Posts that mention the name Sakakawea

Baby name story: Jean Baptiste (Pomp)

Statue of Sakakawea and baby in Bismarck, North Dakota.
Sakakawea with baby Pomp

Sakakawea had a baby in early 1805, just before setting off with Meriwether Lewis and William Clark.

Her son was named Jean Baptiste.

Why the French name? Because her husband, Toussaint Charbonneau, was a trapper from Quebec.

But Clark, who had “developed a particular affection for the child,” nicknamed him Pomp.

When the party arrived at a large sandstone outcropping in mid-1806, Clark named it “Pompys Tower” and carved his signature and the date into the rock.

The outcropping, now located in the state of Montana, has since been renamed Pompeys Pillar and designated a National Monument.

The name Sakakawea

Statue of Sakakawea and baby in Bismarck, North Dakota.
Sakakawea with baby Pomp

While we were in Bismarck recently, my husband and I checked out the North Dakota State Heritage Center Museum.

One of the exhibits was all about Sacagawea, the Shoshone woman who accompanied Lewis and Clark on their travels westward during the first decade of the 1800s (immediately following the Louisiana Purchase).

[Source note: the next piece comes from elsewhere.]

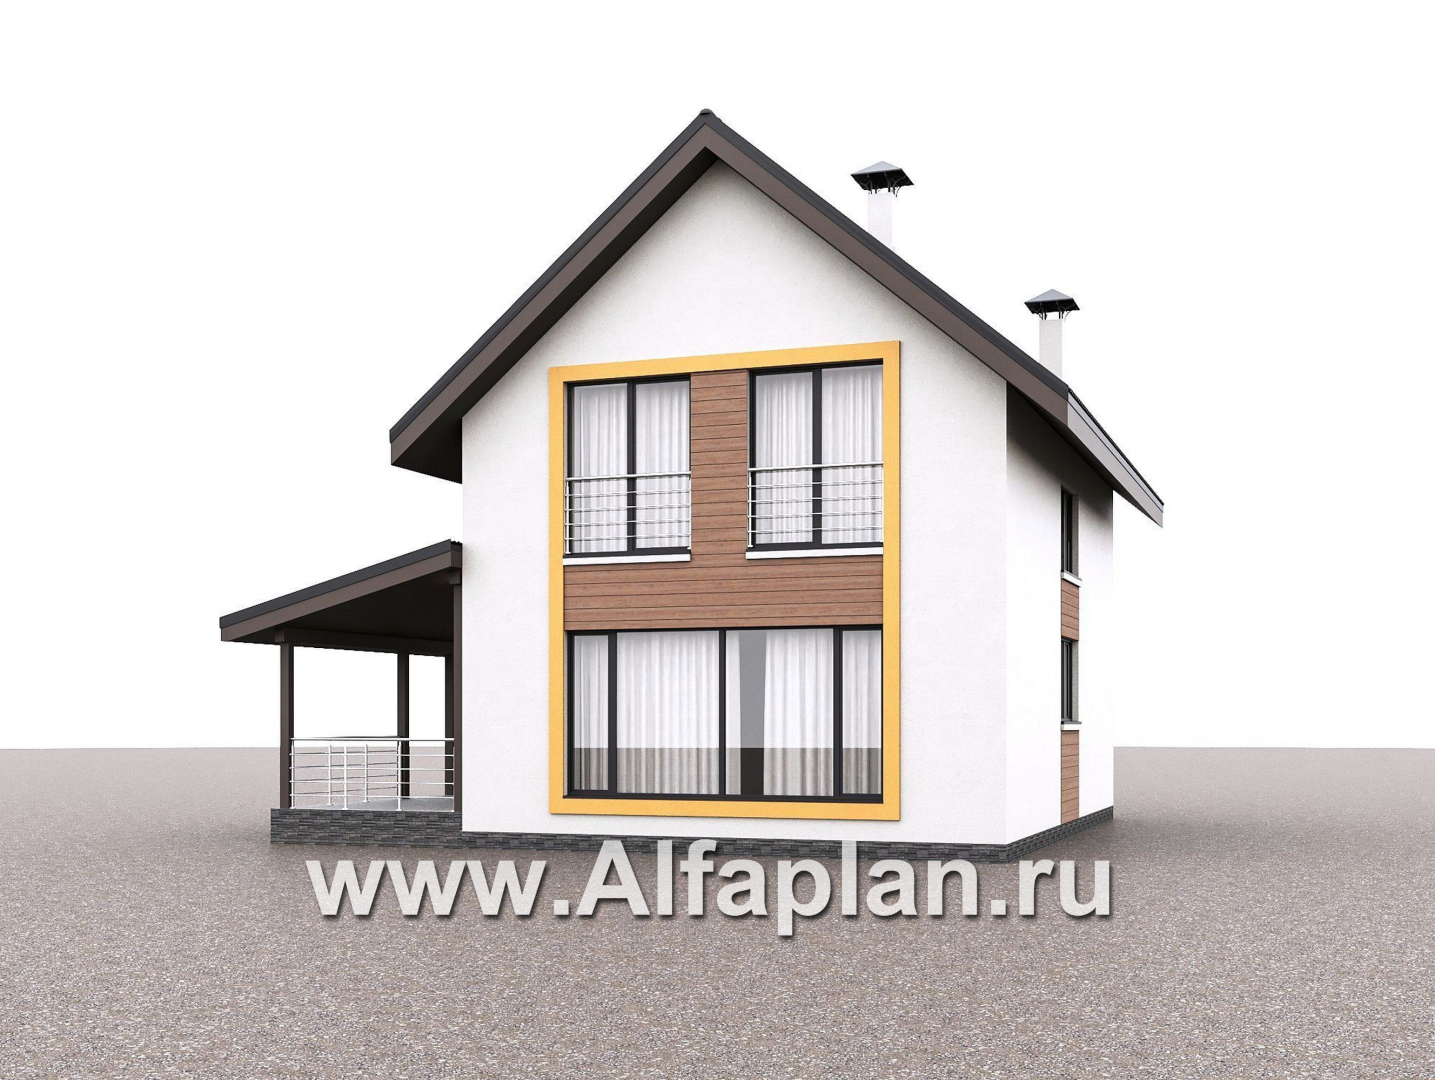 «Викинг» - проект дома, 2 этажа, с сауной и с террасой сбоку, в скандинавском стиле - дизайн дома №3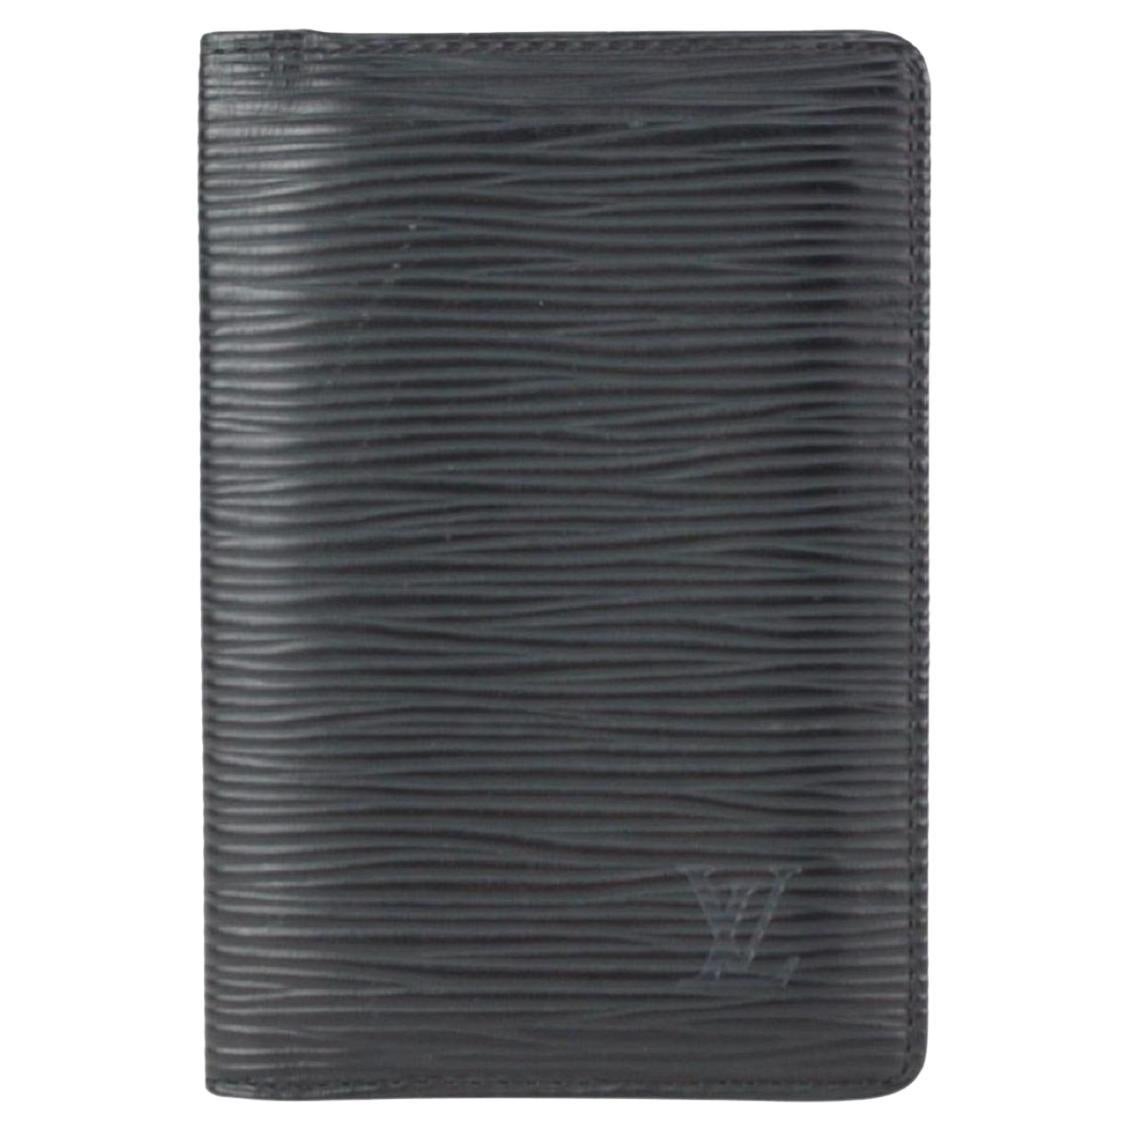 Louis Vuitton Black Epi Leather Noir Porte Cartes Card Holder Wallet 824lv51

Except…”Sacagawea” is not what they call her in North Dakota. There, they prefer the name Sakakawea. And that’s not just a preference; it’s the official spelling.

Here’s how the name discrepancy was explained in one of the exhibits:

What’s in a Name?

Two hundred years after Sakakawea was mentioned by name in the journals of Lewis and Clark, the debate over the spelling and pronunciation of her name continues. This issue was confused from the beginning, since the journals spell her name almost a dozen ways, and all are phonetic translations of an unwritten language. There is also debate over whether her name is Shoshone or Hidatsa. Some argue that she would have been given a new name when adopted into the Hidatsa tribe. Some have adopted the spelling Sacajawea, a translation of the Shoshone name Boat Launcher. Other groups, such as the federal government, endorse the spelling Sacagawea from the Hidatsa name for “Bird Woman.” Since the early 1900s, North Dakota has used the alternative spelling of Bird Woman, Sakakawea. These are all imperfect approximations of her real name. Captain Clark avoided the pronunciation issue by calling her Janey.

The only version of the name that’s ever been popular enough to appear in the SSA data is Sacajawea, which popped up twice in the mid-1970s:

  • 1977: unlisted
  • 1976: 7 baby girls named Sacajawea
  • 1975: 5 baby girls named Sacajawea [debut]
  • 1974: unlisted
  • 1973: unlisted

Perhaps it was inspired by the American Indian Movement (AIM), which also had an influence on names like Morningstar.